“baggage”
May 14, 2008 by constantquantum
everywhere & nowhere 38
Some things we carry with us… no matter how far we wander. Invisible, packed out of the reach of customs officers, they don’t have to weigh down a backpack. We might not even know they’re there.
Take memories, for example.
My father gave me a tall, glossy collection of fairy tales for my birthday a long time ago. The volume was slim. The pages cool to the touch, finished with a smooth satin sheen. I would cradle the book. Hold it at a specific angle. Look over its pages carefully. Thoroughly. Not necessarily because I thot it precious at the time, but because, if the light wasn’t quite right, the illustrations would be hidden by the glare. I must have been old enough to read, tho I don’t remember exactly when I got it. & it’s gone now. Lost in the shuffle of a hundred moves. Its title a shadow of old memories. Filed, stored, dusty, inevitable. I haunt used bookstores with the curiosity of a born reader, but I’m not sure I ever want to find another copy of these particular stories. The book’s existence has the mystery bought by vague reminiscences….
there was a youngest brother
& there was a princess swathed head to foot in sea green silk
mummified
waiting to be rescued
The story wove characters & figures with the resolution of a dream: How, along the route the young man proved his good nature by helping a hive of bees rebuild a nest; & how, in return, the bees swarmed around the figure of the princess when the time came for him to choose his bride from among three other draped harpies….
The plot was sufficient if you believed the cloth surrounding the princess was laced with the honey of her skin. You’d be right there with them when the success of the young lovers’ embrace worked an unravelling on the final page.
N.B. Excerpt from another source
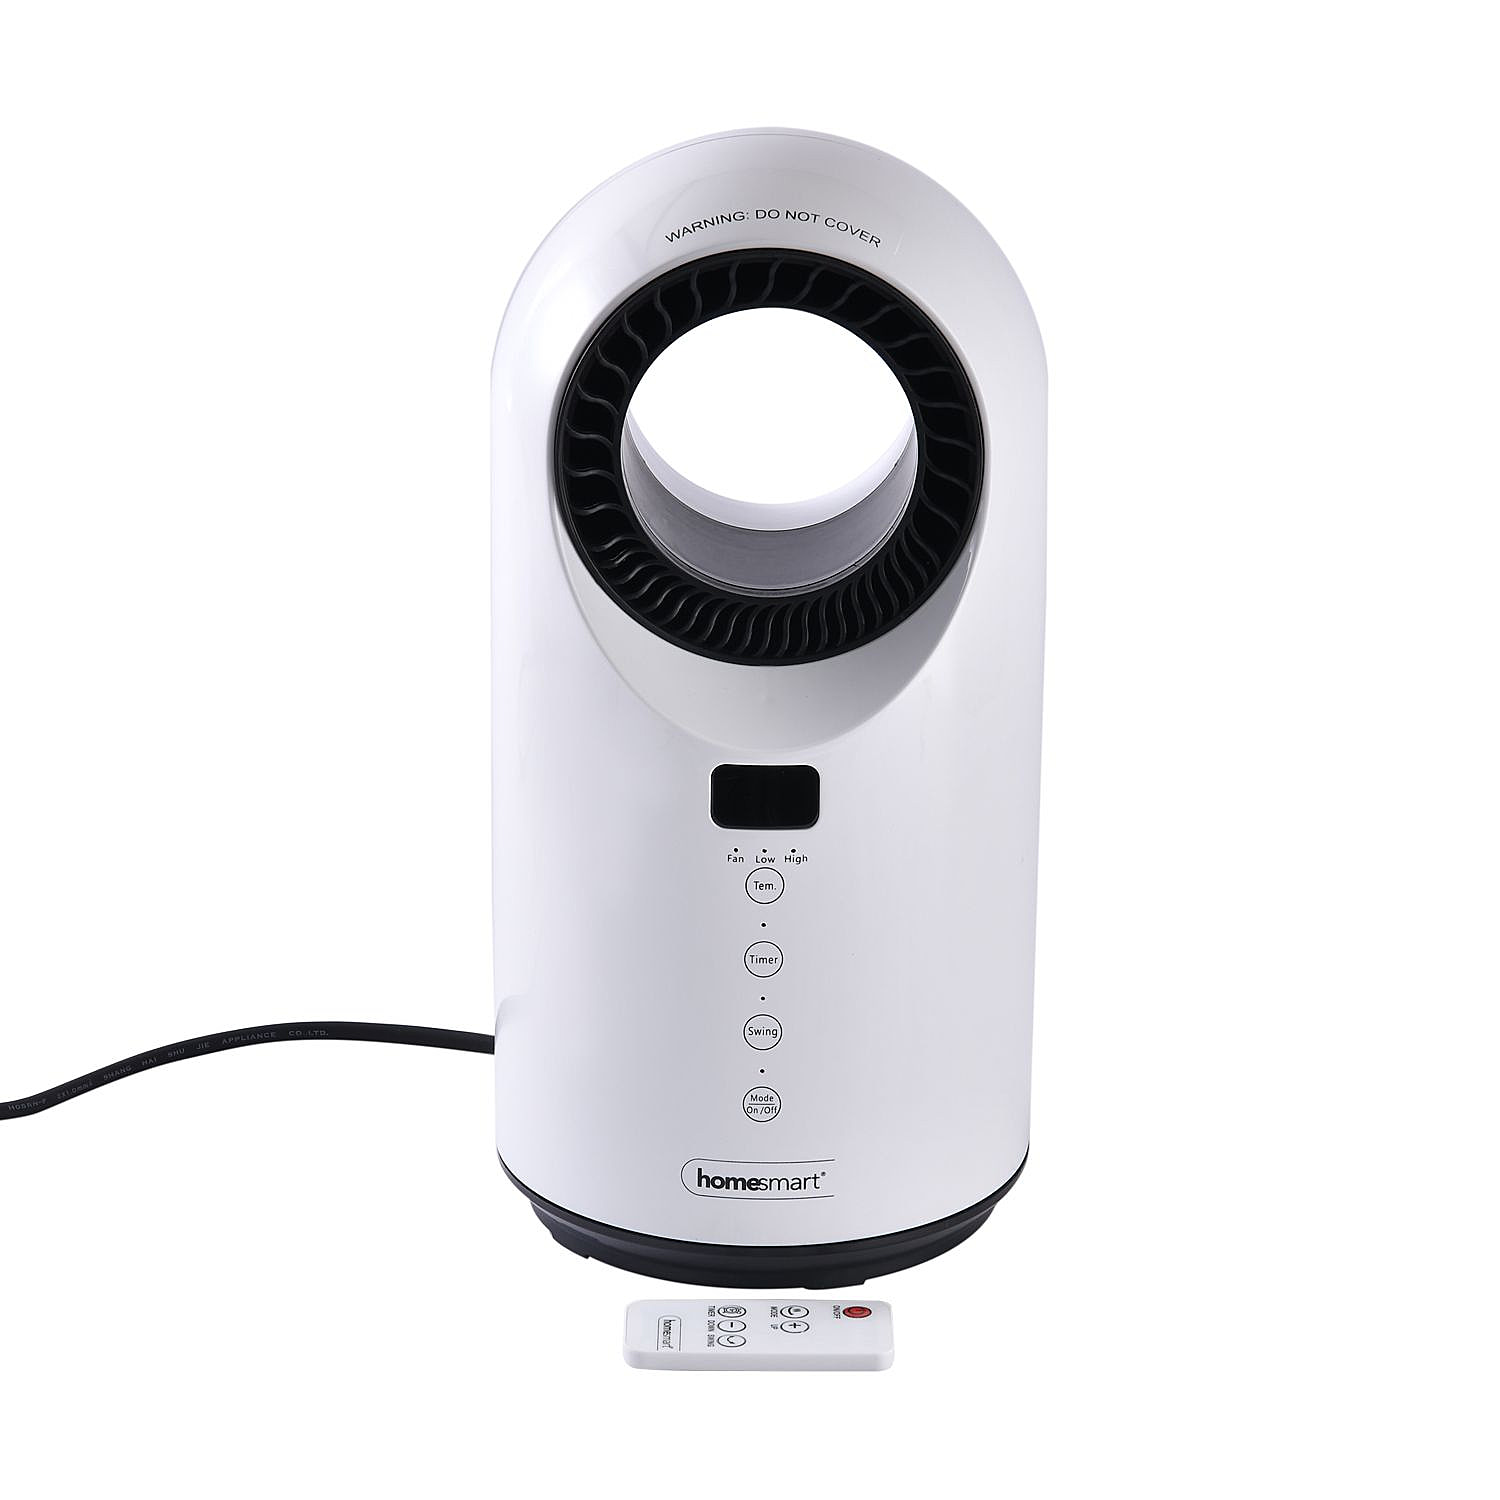 Homesmart 2 in 1 Heater and Fan with Remote Control Suppoting 60 Degree Wide Angle Oscillation with LED indicator Display 
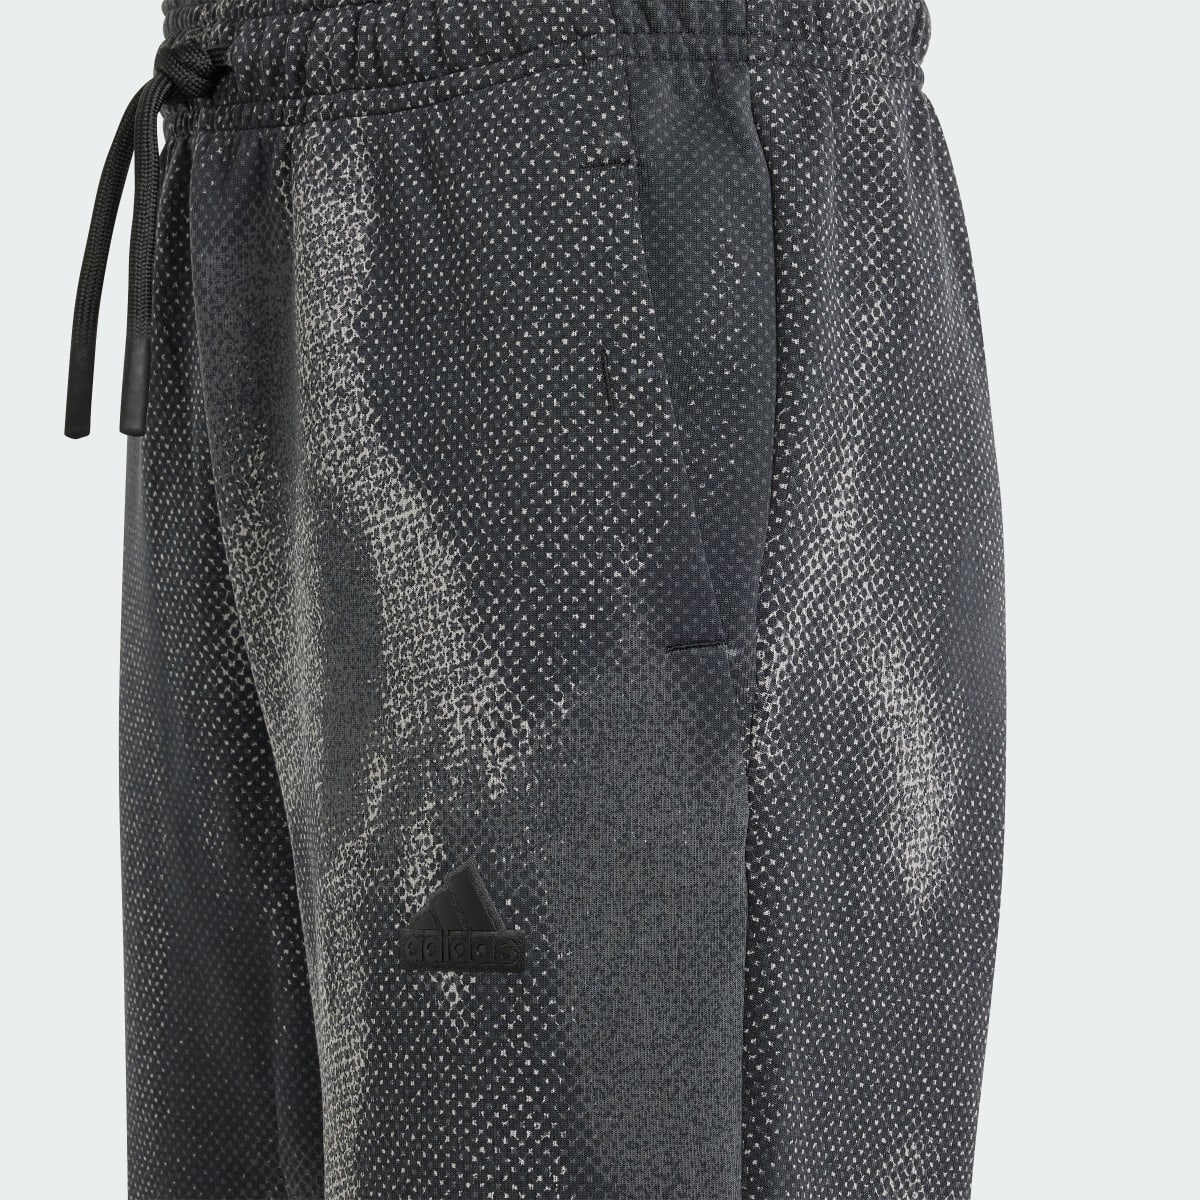 Adidas Future Icons Allover Print Ankle Length Pants Kids. 4

The silk, a sea green cocoon. The dawning, like the sun on the ocean. The glare of the page under my mother’s sea shell lamp…
a happily ever after
***
“You’re Okay, Kid,”my cousin Kelly once said after I had fallen short of my own ambitious expectations for about the zillionth time.
“Zillion, trillion, quadrillion… Dumb. Dumb. Dumb! Stupid silly girl! Sissy! Sissy! Sissy!”
I muttered all the teasing expletives to myself, anticipating my critics while kicking at the snow with big felt lined skidoo boots. I was eight years old. It was January, & I had just stumbled so that I lost the foot race with Jack to the fox-and-goose home base/free zone.
Kelly smiled & she helped me brush the snow off my jeans. When I realized she wasn’t laughing at me, I wiped my baby tears away, annoyed, and I contemplated her amused expression. She had fine clear skin, the smile of the girl next door, & a mischievous willingness to try just about anything.
Kelly was my hero that year. Her’s was the kind of encouragement that can only come from someone seven years older; someone who already knew the secrets of bras and boys.
“You just gotta learn to keep your feet on the ground,” she said and then she was off, following the maze paths we had cut in the paper surface of the snow.
***
home is the ground you’re born to
***
When we were younger, my mother rarely grounded my brothers & I if we did anything wrong. By the time I was fourteen, I had left my family and set out on my own…
grounding
a metaphor
the live wire will burn you
laying out the ground work
From grade one on you learn the importance of memory.